Companies in the S&P 500 growth index, which is replete with tech stocks, are expected to increase earnings 16%, compared to a 26% rise for the S&P 500 value index, more heavily weighted in banks, industrials and other economically sensitive companies, according to Credit Suisse.
Higher interest rates could pressure the stretched valuations of tech stocks, so companies need to deliver impressive numbers in coming weeks, said Kim Forrest, chief investment officer at Bokeh Capital Partners.
“To have the (stock) price go up even in a rising rate/falling multiple environment, you have to show demand for the product,” she said.
The tech sector is trading at about 27 times earnings estimates for the next 12 months, near its highest in 18 years, compared to 21 times for the overall S&P 500, according to Refinitiv Datstream.
Netflix, whose shares have slumped over 14% to start the year, reports on Thursday, the first results from the closely watched “FAANG” group of large growth companies. Investors will watch the streaming giant’s plans for generating content and its outlook for subscribers.

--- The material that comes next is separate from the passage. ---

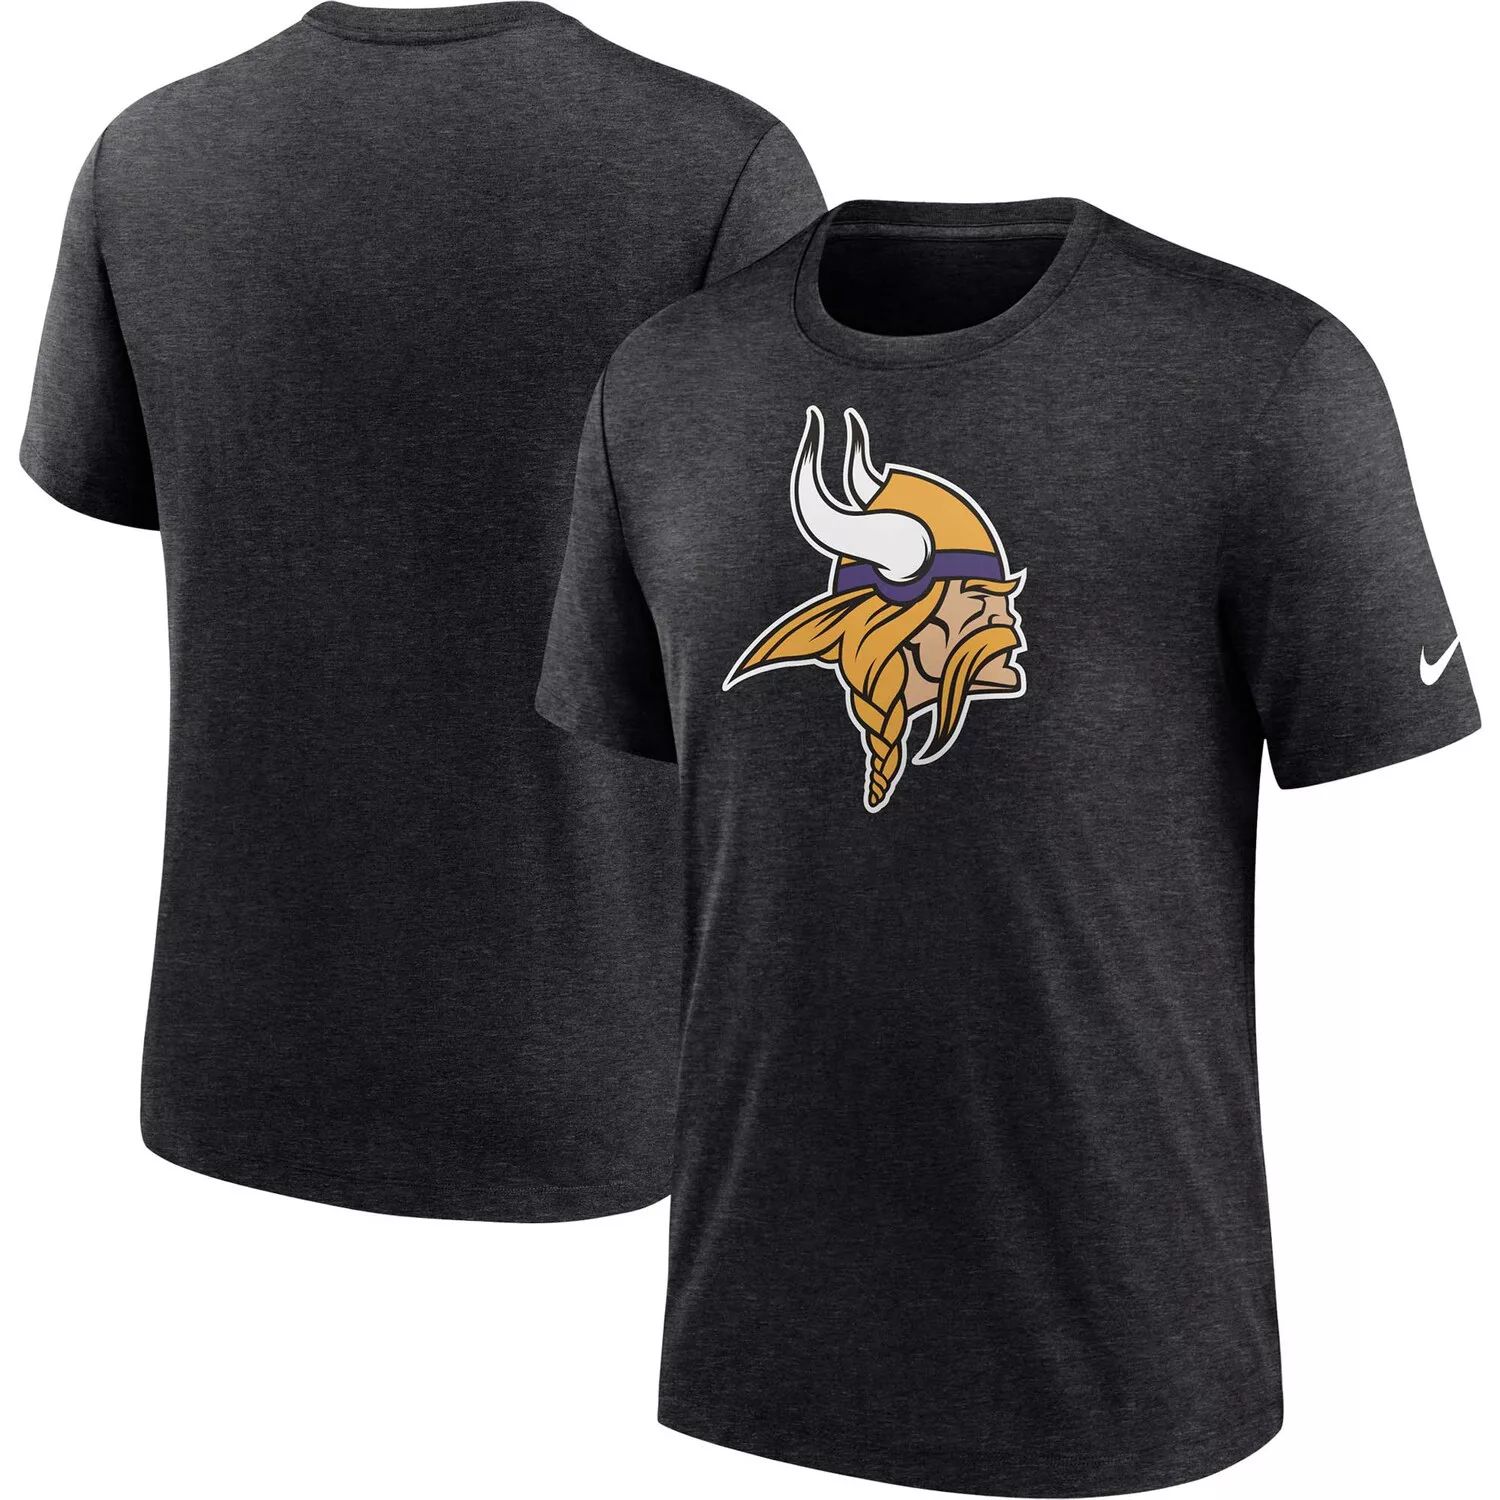 Мужская черная футболка с логотипом Minnesota Vikings Heather Tri-Blend Nike

“If they can surprise to the upside on the number of subscribers, I think that is going to be great for the stock price,” said King Lip, chief strategist at Baker Avenue Asset Management, which owns Netflix shares.
Among the tech and growth names that have struggled in January are Adobe and Salesforce.com, both down about 9%, and DocuSign, which has dropped about 15%.
The ARK Innovation ETF, which is filled with growth stocks and was the top-performing U.S. equity fund tracked by Morningstar in 2020, is down over 16% so far this year.
Yet not everyone is convinced Treasury yields will rise much more, or that investors should flee tech shares as the Fed raises rates.
Analysts at Goldman Sachs see the 10-year Treasury yield rising to 2% by the end of the year, “suggesting only a modest further move in longer-term yields,” while “the likelihood of slowing economic growth in 2022 is an argument in favor of growth stocks.”
The yield on the 10-year Treasury note stood at 1.76% on Friday, after topping 1.8% earlier in the week.
A study by the Wells Fargo Investment Institute, meanwhile, found the tech sector appreciated an average of 48.1% during five periods of rising interest rates since the 1990s.
The Wells Fargo institute has a favorable rating on the tech sector, along with communication services, industrials and financials.
“This is all a very recent thing where people have almost talked themselves into tech as being rate sensitive,” said Sameer Samana, senior global market strategist at the Wells Fargo institute.